Economy of Scale vs. Scaling Economy

Sometimes, large scale can bring disadvantage. Let’s starts with one of the largest cluster: Yahoo! Mail.

When Gmail comes out, I then realized I how deep I integrated with Y! Mail.
- Pop mail,
- SMTP,
- web mail,
- spam filter,
- another yahoo account for spam
- disposable email address,
- address book synchronization with outlook,
- email notification to Yahoo Messenger,
- message archive,
- mobile email alert,
- stock alert,
- weather alert,
- custom email address support,
- multiple account support,
- color coded email by account,
- ads free Yahoo Plus,
- WAP Yahoo mail, and
- Support reading multiple mails using browser’s tabs.

Yes, I used all of the listed features on daily basis.

I have a lot of sympathy to Yahoo when people mistaken Gmail was better. No, Gmail is years behind.

When Gmail switch from 1G storage to 2G, it hurts Y! Mail badly. At the time, the number of Yahoo mail users vs. Gmail’s is probably 100:1. (the ration these days maybe closer to 15:1)

To match Gmail average storage for each user (most user don’t use anything close to 2G), Yahoo pays 100 times more. Each additional MB for 300 millions of users is sustainable money for acquisition cost for the hardware and operational cost like electricity.

To scale to 300 millions users, it is much more than adding machines. It takes a lot of tricks and R&D to get it close to liner scaling. Anything less than liner scaling costs exponentially more. It makes or breaks the economy and feasibility of providing the service.

Werner Vogels [Amazon CTO] talked a lot about Dark Art, scaling and its pain.

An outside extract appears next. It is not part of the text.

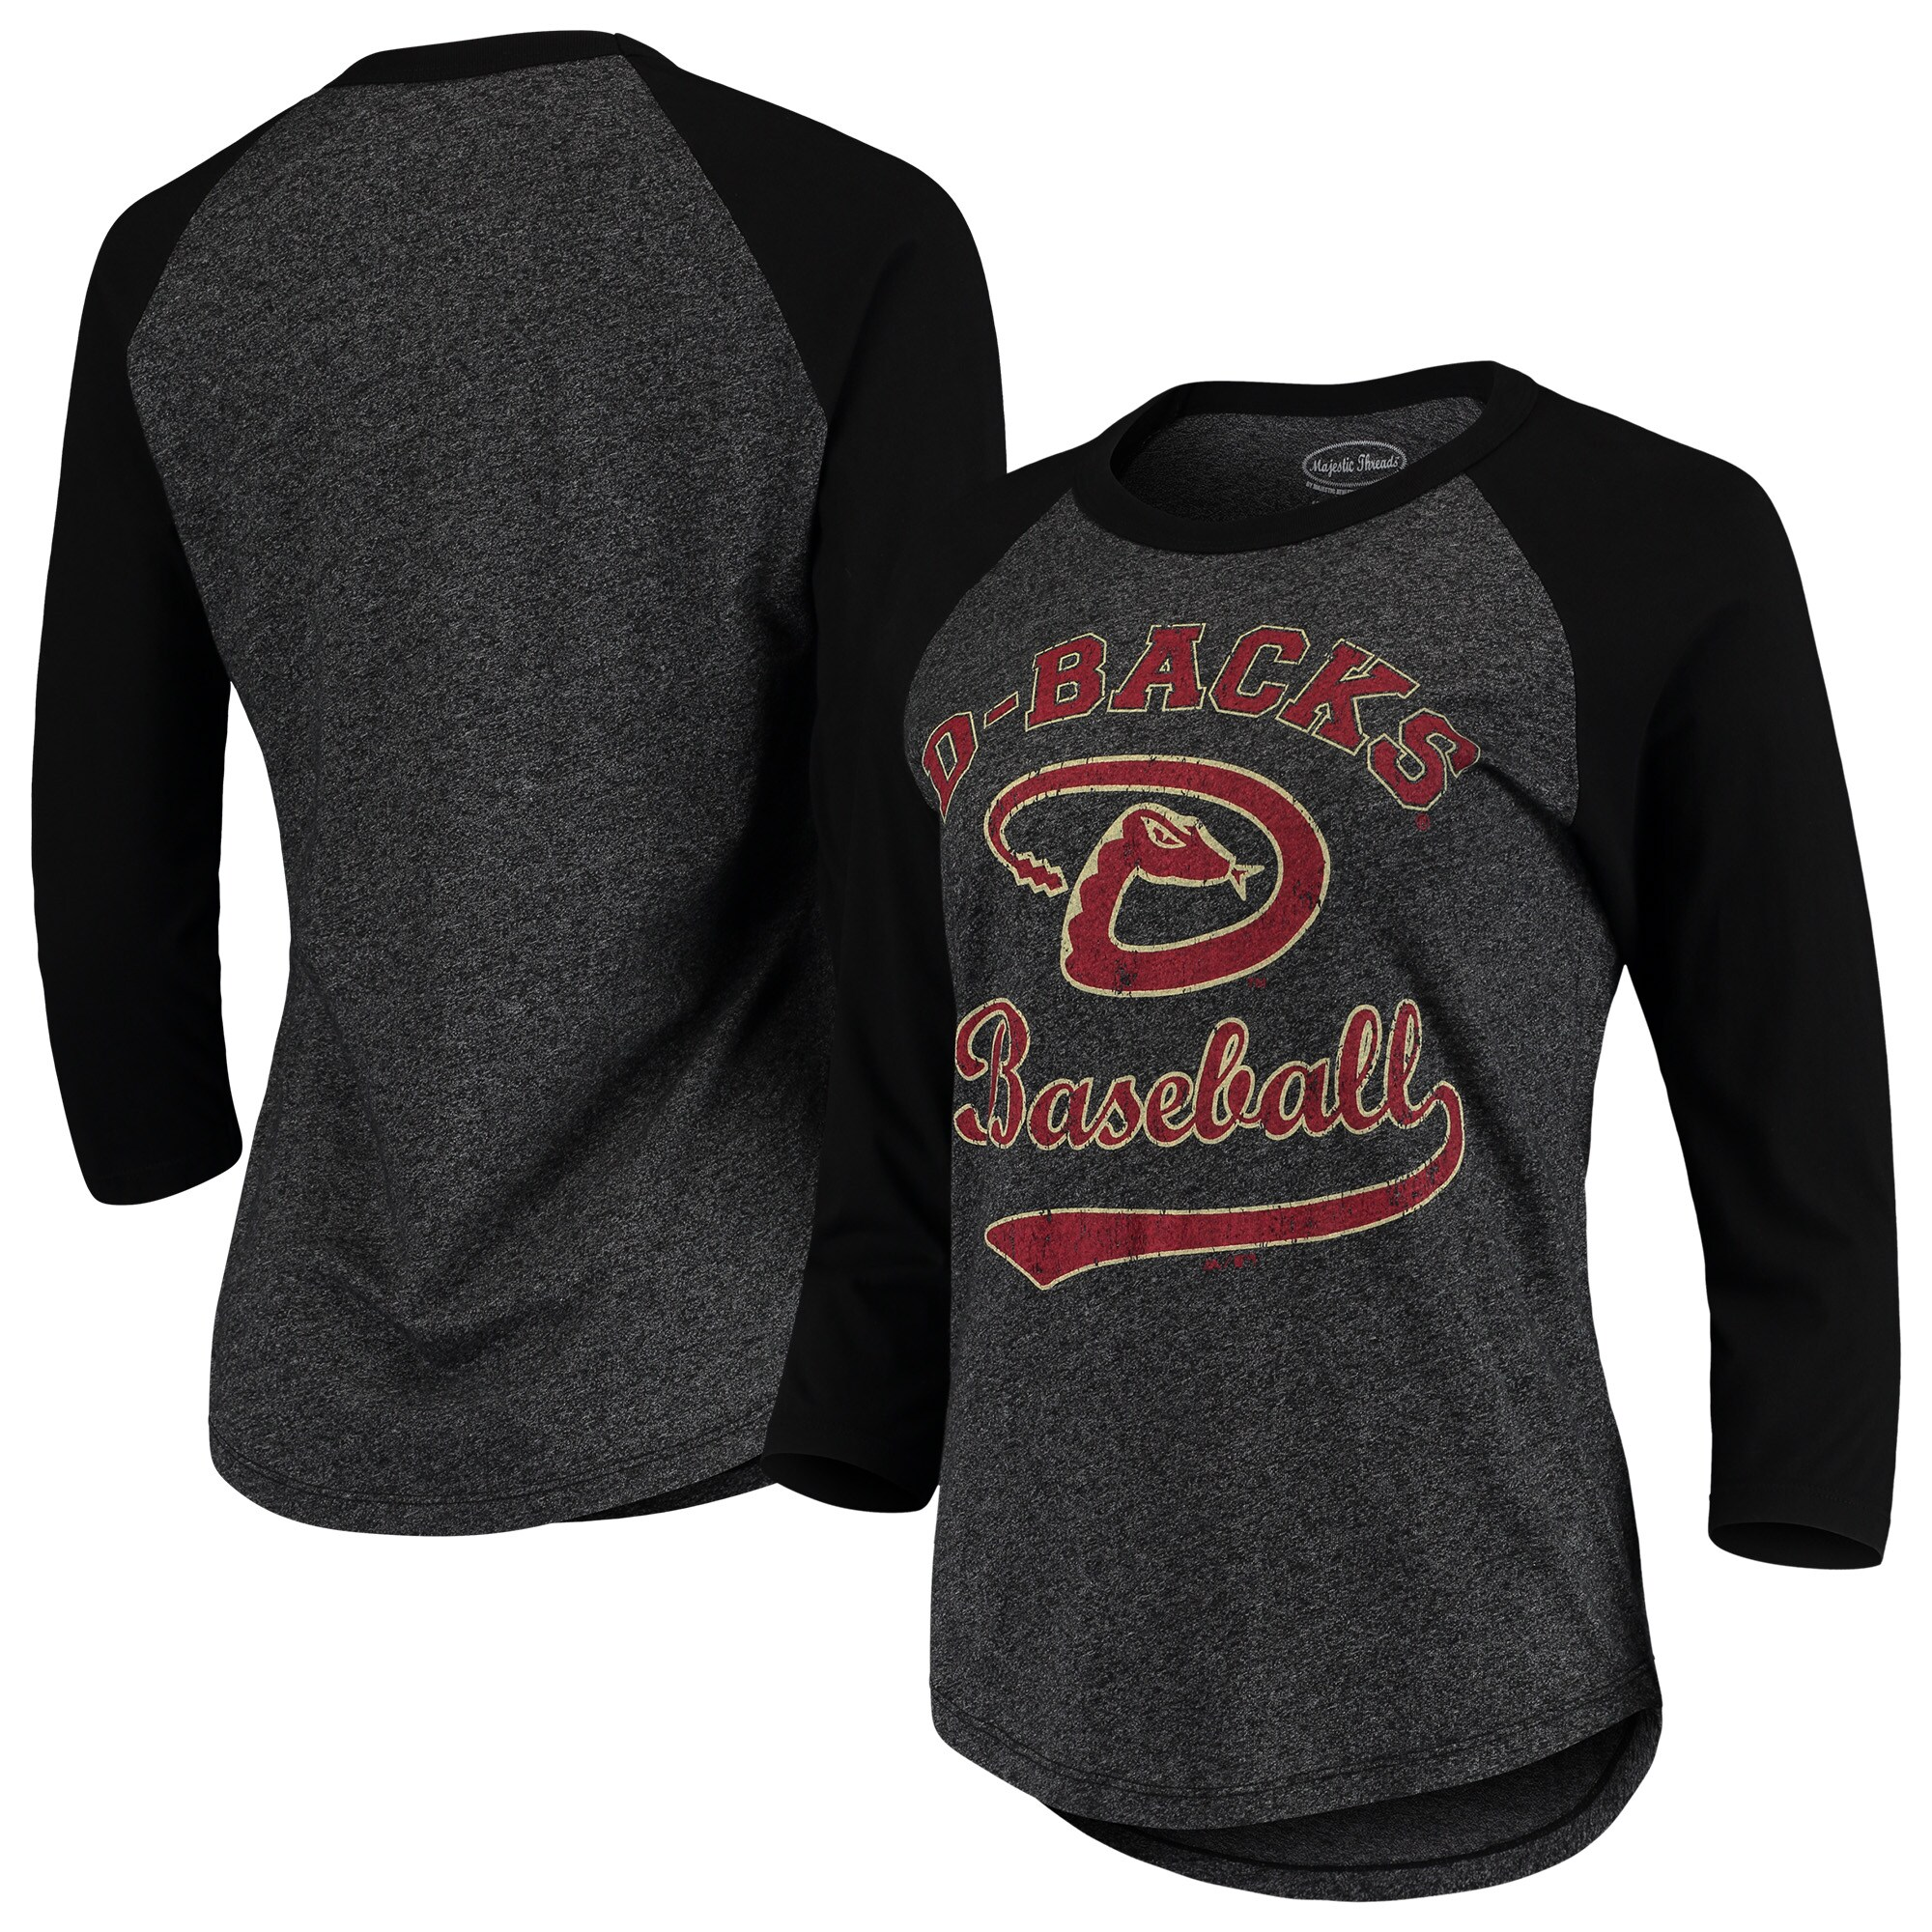 Arizona Diamondbacks Majestic Threads Women's Team Baseball Three-Quarter Raglan Sleeve Tri-Blend T-Shirt - Black

In the famous “we [google] are a $100 billion company” financial conference, Eric Schmidt [Google CEO] quoted that the know-how, software and infrastructure to scale to massive number of user is one of Google’s key strength that they are expanding their leads on. However, Gmail (so does Yahoo) has periods that the performance is slowing down badly. It drives away users if not just growth.

Then Steve Ballmer [Microsoft CEO] use analogy about “data center” build everywhere in the world like electric stations. Later, Microsoft announces the billions of missing future profit to build the infrastructure to complete.

The dot com races reach the point that idea alone is far from enough. It is also about the ability to make economy sense out of the service providing to massive amount of users. The ability to scale the computing power is playing a big part to determine the success of a business.